CULTURE. Maryse Mulumba, ‘’la peinture m’a sauvée la vie’’

Par Anthony MOUYOUNGUI

2019 restera une année importante dans la carrière de Maryse Mulumba. Une année de prise de conscience et de maturité. ‘’J’ai grandi artistiquement et j’ai surmonté mes peurs. Produire grand me terrifiait car, je n’avais pas confiance en moi. Puis, je me suis lancée et je me suis découverte’’ affirme l’artiste.

Une découverte d’elle-même illustrée par deux grands moments marquants. Le premier, sa participation à l’exposition ‘’Art Shopping’’ au Carrousel du Louvre du 24 au 26 mai 2019, ou elle obtient le Diplôme Révélateur de Talents. Le second, est le tableau ‘’Fertility’’, qui parle du pouvoir de la femme et de la création, qu’elle considère comme son œuvre la plus aboutie depuis ses débuts. ‘’J’ai grandi à travers elle. Après l’avoir terminé, je me suis dit Maryse tu es capable de faire grand et mieux.
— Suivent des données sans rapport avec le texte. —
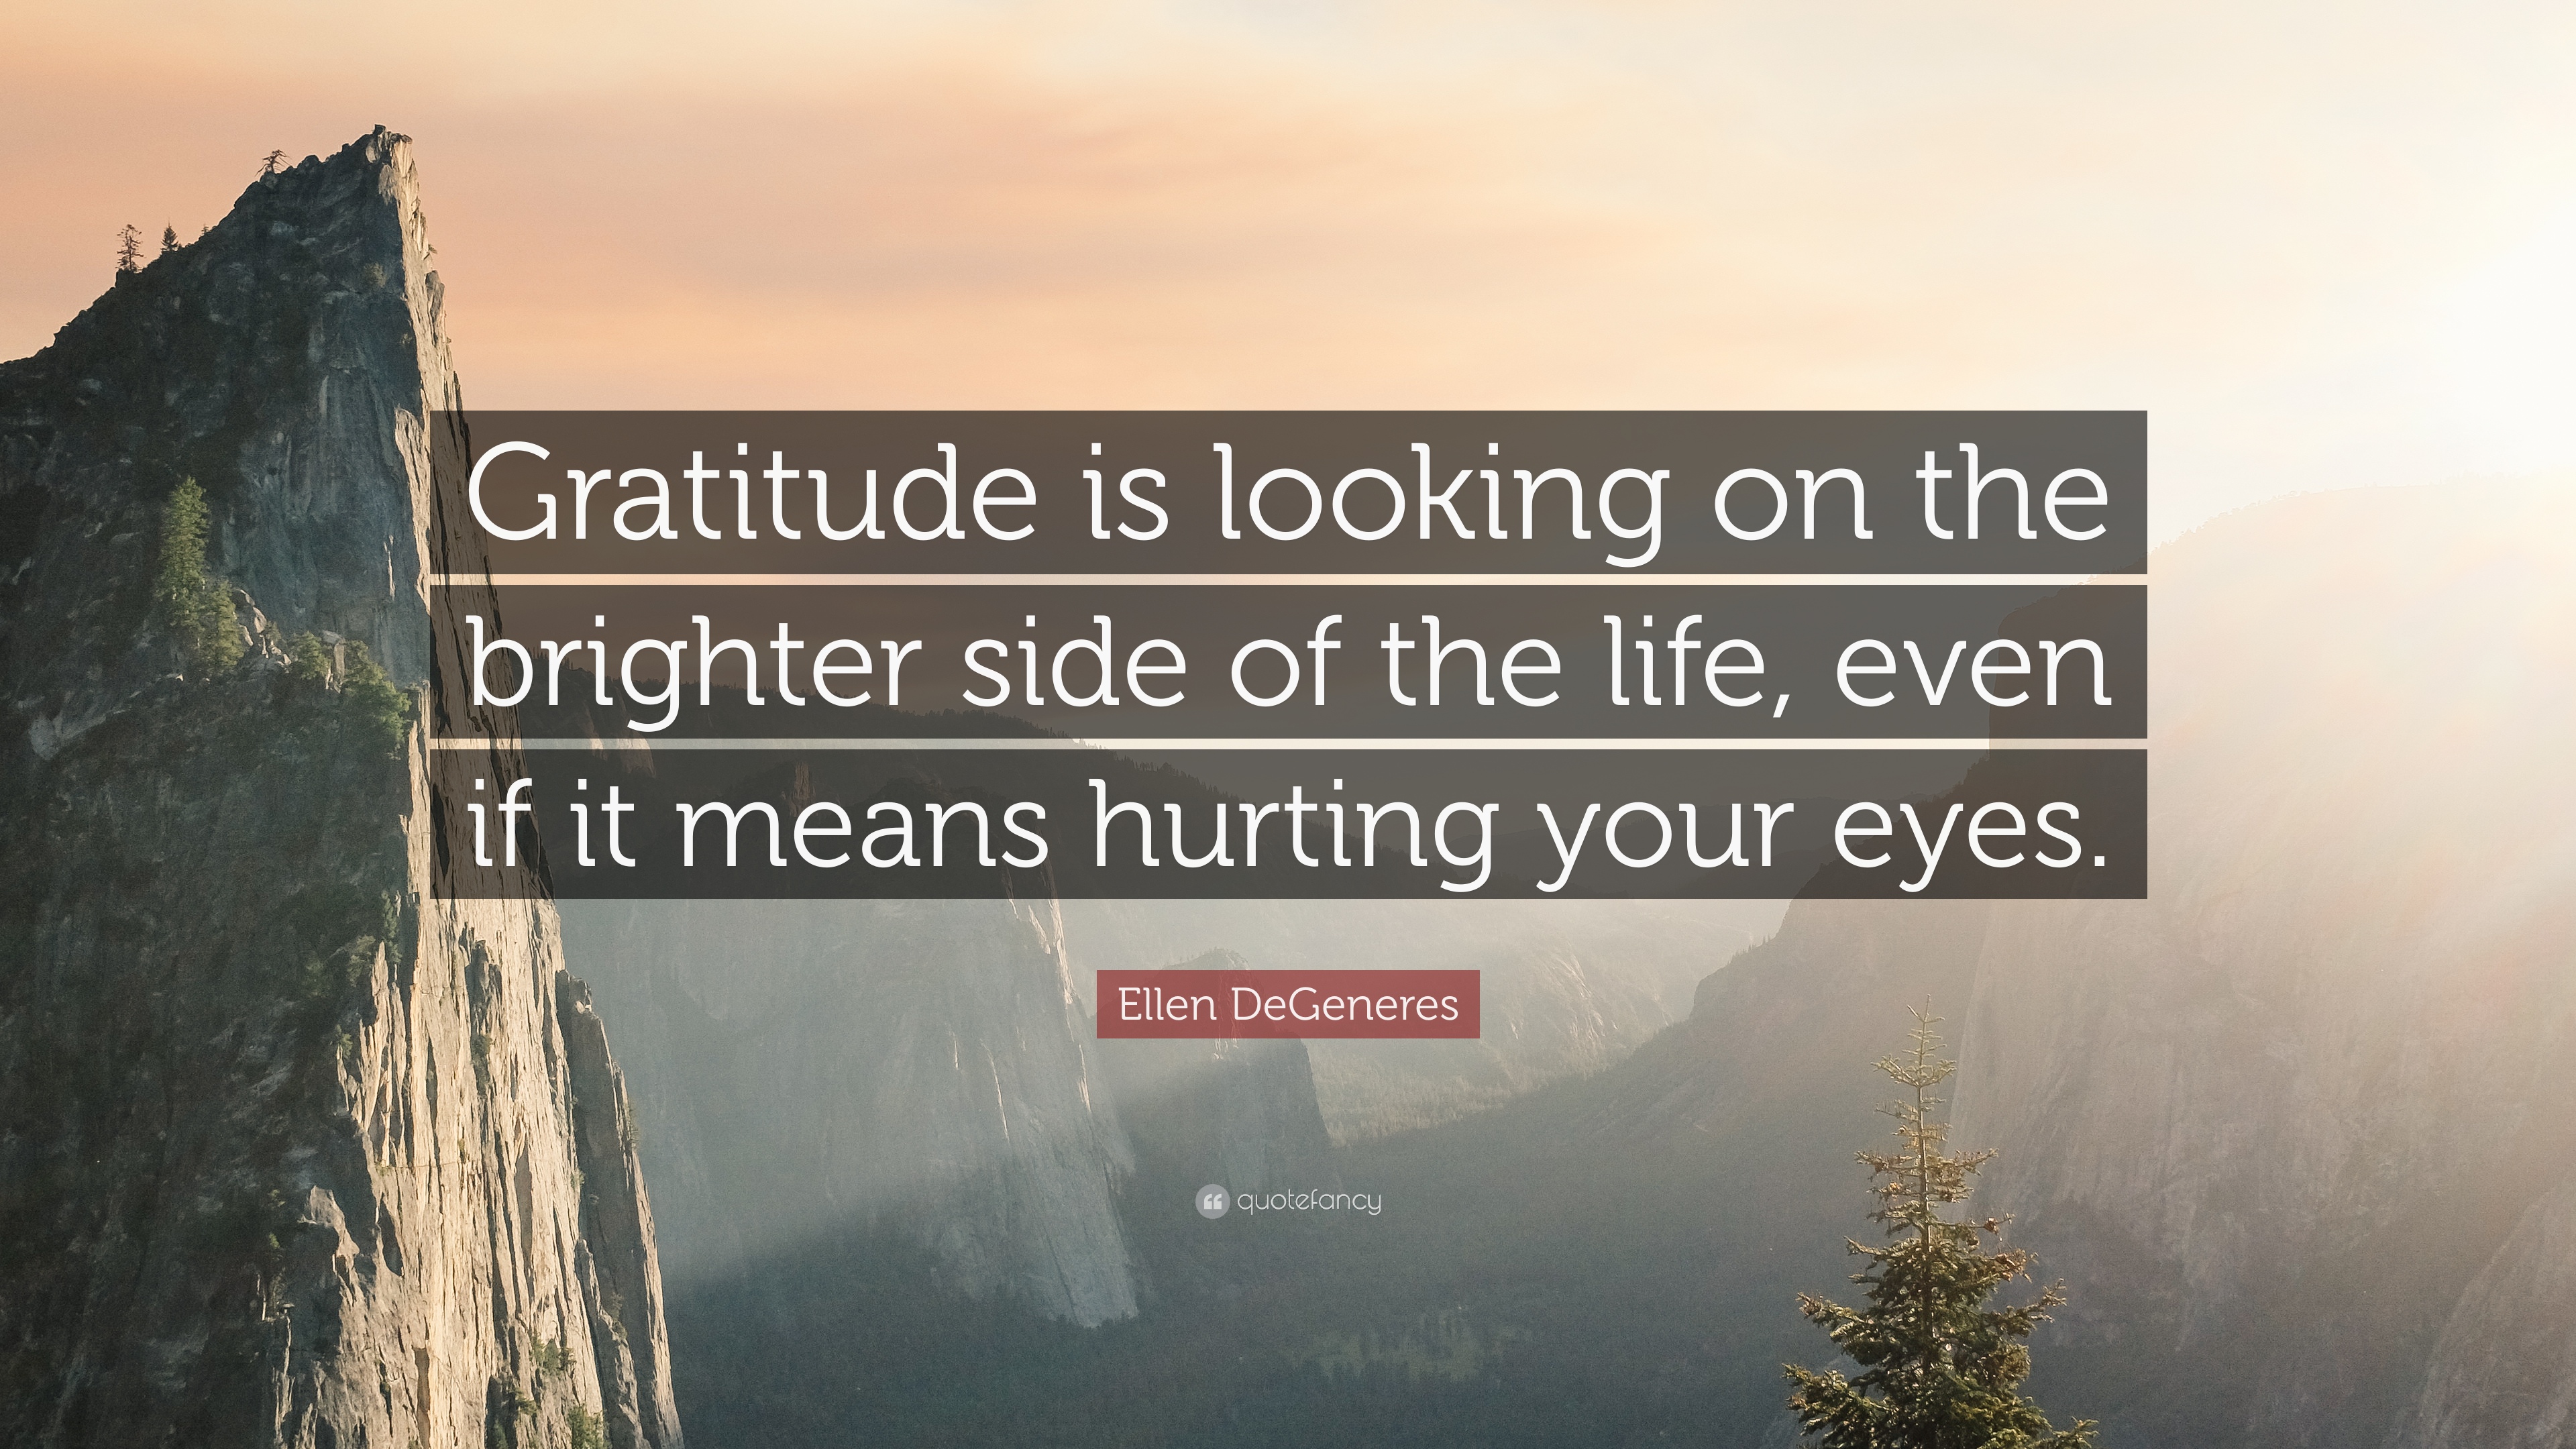 Ellen DeGeneres Quote: “Gratitude is looking on the brighter side of ...

Fais-toi confiance et sois le plus sincère possible’’ ajoute Maryse Mulumba qui a longtemps manqué de confiance en elle.

Née il y a 27 ans à Evry, dans l’Essonne, des parents originaires de la RDC, Maryse grandit sans figure paternelle, et sa mère tente tant bien que mal de représenter les deux rôles. Elle est cependant consciente des séquelles de cet abandon sur sa mère et le reste de la famille. Plus grande, elle cherche la figure paternelle sans vraiment la trouver. Déception, rejet, mépris et maltraitance psychologique sont au rendez-vous de cette quête intime. Puis, ‘’est arrivé un moment où, j’avais compris que le moyen d’arrêter cette descente en enfers était déjà de me pardonner à moi-même et à mon père aussi’’ explique la jeune peintre. La peinture devient alors une sorte d’exutoire où la jeune fille exprime sa tristesse et son mal être. Le dessin dit-elle « a toujours été mon truc. Depuis la maternelle, les animatrices me disaient déjà que j’étais douée. Je dessinais partout à longueur de journée et cela dans dire un mot. J’étais dans ma petite bulle. » informe Maryse qui à cette époque dessinait déjà les vêtements et les chaussures. « A l’adolescence, j’ai abandonné le dessin pour plusieurs raisons car je me suis mise à fréquenter des mauvaises personnes. Si pendant longtemps, le dessin m’a toujours apaisée, j’ai néanmoins rejeté ce talent par le manque de confiance en moi, de communication et les mauvaises fréquentations…Toutes ces choses ont retardé mon entrée dans le monde de l’art’’ révèle la jeune femme. A force de travail et de persévérance, Maryse, qui n’a pas fait une seule école d’Art, parvient à exposer ses œuvres. Le baptême de feu a lieu à la Galerie Artcad à Suresnes (92) en 2018. Maryse Mulumba était alors ‘’très excitée, heureuse et merveilleusement surprise’’. Elle avait reçu des critiques positives de la part du public. La belle aventure s’est poursuivie en 2019 avec les expositions au Carrousel du Louvres, au Gala Ashanti en octobre et lors du Beloved Motherland à La Bellevilloise en décembre. Même si elle est très contente d’elle, elle estime que ce n’est pas encore fini et espère faire mieux pour les prochaines expositions.

En ce début de nouvelle décennie, Maryse Mulumba est une jeune femme épanouie. La tristesse est loin derrière et son regard résolument tourné vers l’avenir. Un avenir qui passe par la confirmation de ce que 2019 a laissé entrevoir et un retour aux sources. ‘’Je suis née en France, mais je ne me suis jamais réellement sentie à ma place. J’ai besoin de comprendre de savoir qui je suis réellement. J’aime la France malgré ses défauts. J’ai grandi et tout appris dans ce pays. Même si, en moi, j’ai la très forte envie de retourner au pays’’ explique Maryse qui souhaite de plus en plus rentrer au bercail (RDC) en espérant y apporter son aide. ‘’Je voudrais aider à créer des organismes au pays pour les femmes et les enfants de la rue. Les aider à travers des ateliers d’art et de peinture car, la peinture est thérapeutique. Elle aide à extérioriser de nombreux sentiments et questionnement ou même les frustrations.’’ conclut Maryse Mulumba qui avoue devoir son épanouissement à la peinture.

En 2020, son envole est freiné par la pandémie qui secoue le monde. Le double confinement ne l’a pas empêché de créer et d’exposer notamment sur les réseaux sociaux. ‘’J’essaie de mettre de la joie et voir les choses sous un angle différent’’ conclut l’artiste.